Social Studies 1211 The Effect of Elasticity on Demand and Supply Outcome 26
ACTIVITY: Introduction to Elasticity
WHAT IS ELASTICITY? We know that change in price can affect quanity demanded or supplied. Elasticity deals with the degree to which changes in price affect the quantity demanded or supplied. Elasticity is important because it describes the fundamental relationship between price and the demand and supply of goods and services. Sometimes a small change in price can trigger a substantial change in demand or supply. Sometimes a large change in price has only a slight effect on demand and supply. Elasticity shows sensitivity to price changes.
DESCRIBING ELASTICITY Unitary - A change in price causes an equal or proportional change in demand and supply. For example: A 5% increase in price results in a 5% decrease in demand. Elastic - A change in price causes a relatively larger change in demand or supply. These are typically things that we do not require. These are more sensitive goods. For example: A 5% increase in prices results in a 20% decrease in demand.

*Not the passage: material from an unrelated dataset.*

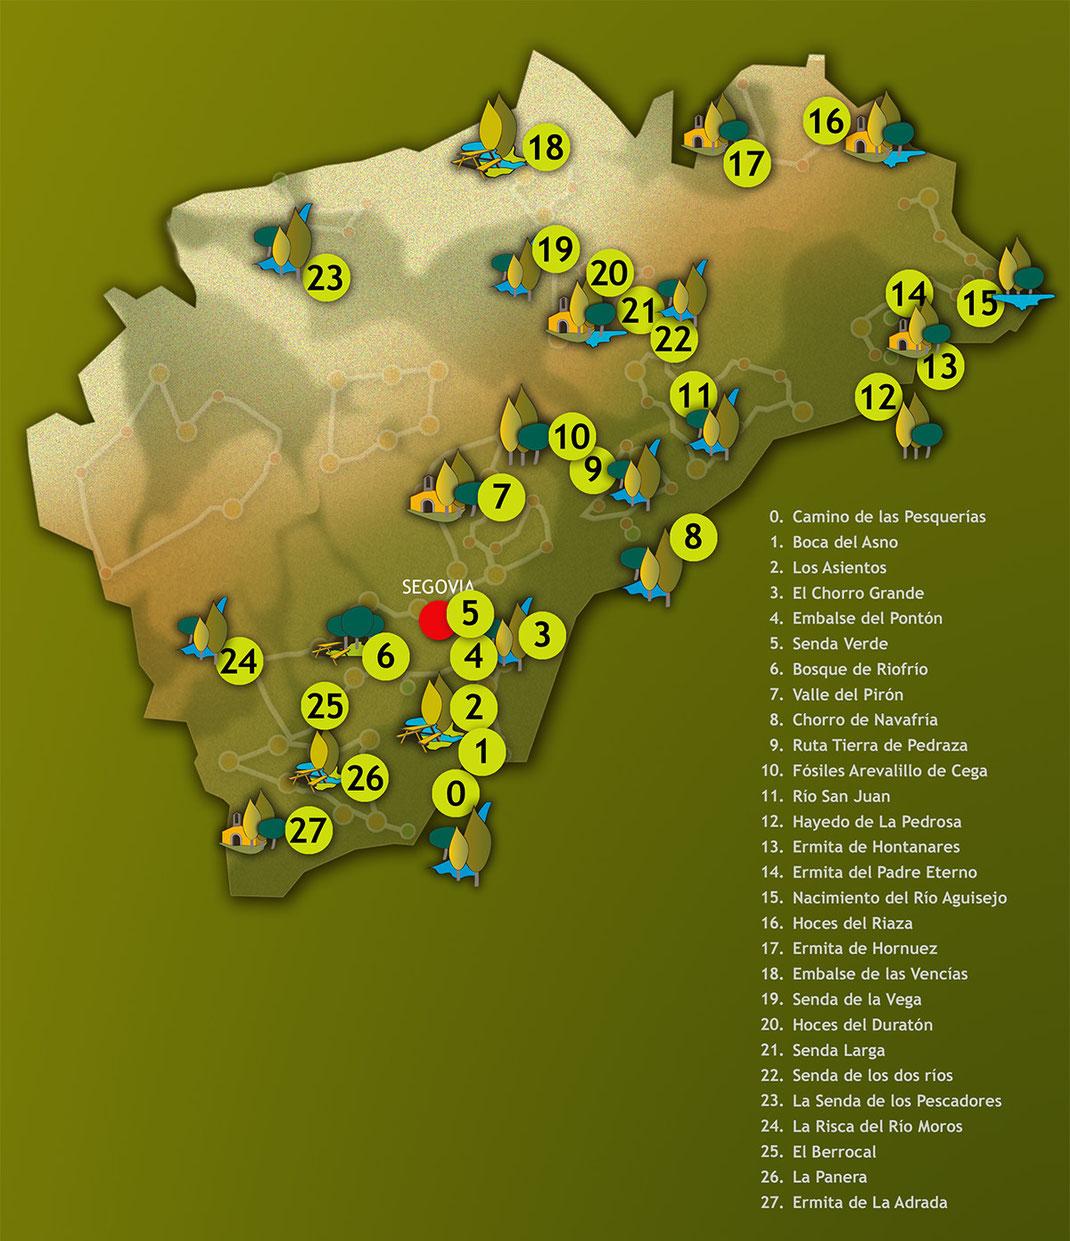 Espacios naturales de la provincia de Segovia

DESCRIBING ELASTICITY Inelastic - A change in price causes a relatively smaller change in demand or supply. These goods are less sensitive to price change. For example: A 5% increase in price results in a 1% decrease in demand.
RELATIVE ELASTICITY OF DEMAND Brand Name Chocolate Bars Gas Electricity Salt Bread Milk Instant Coffee Movie Tickets Live Theatre Cars
FACTORS AFFECTING ELASTICITY OF DEMAND Essentials vs. Non-Essentials - goods and service that satisfy needs tend to be inelastic, while those that satisfy wants are elastic. Relative Cost - goods or services that take up a very small percentage of household income tend to be inelastic (e.g., chocolate bar), while those that take up a higher percentage tend to be elastic (e.g., vacation travel). Substitutes - goods or services that have easily available alternatives tend to be elastic (e.g., fast food), and vice versa. Time - the more time a consumer has available to acquire, the more likely it is that they will find a substitute, thus increasing elasticity.
GRAPHING ELASTICITY OF DEMAND Flat, almost horizontal slope. A slight increase in price can trigger a massive reduction in quantity demanded. This may be due to availability of many substitutes and because the item is not considered essential (want). Very steep slope. The change in price will have very little effect on the quantity transacted. This may be due to the item being essential (need) or a lack of substitutes available.
GRAPHING ELASTICITY OF SUPPLY Have a flatter, almost horizontal slope Small increases in prices can trigger massive increases in the quantity supplied Very steep slope Massive price increase will increase the quantity supplied only by a small amount.
FACTORS AFFECTING THE ELASTICITY OF SUPPLY Capacity - does the producer have the means to produce more; for example, could the factory add an extra shift? Product Longevity - can the item produced be stored in a warehouse and sold later; for example, unsold canoes could be stored until next summer, but many types of produce (breads, fruit, vegetables, etc..) cannot be stored for very long before spoiling. Time - how much time does the producer need to increase supply? For example, to increase the production of naturally grown Christmas trees would take several years.
SITUATION QUESTIONS. A REVIEW. 1. Is gasoline inelastic or elastic? Why? 2. Are plane tickets inelastic or elastic? Why? 3. Are funerals inelastic or elastic? Why? 4. Are ambulance trips inelastic or elastic? Why? 5. Is toilet tissue inelastic or elastic? Why? 6. Is bread inelastic or elastic? Why? 7. Is milk inelastic or elastic? Why? 8. Are cigarettes inelastic or elastic? Why?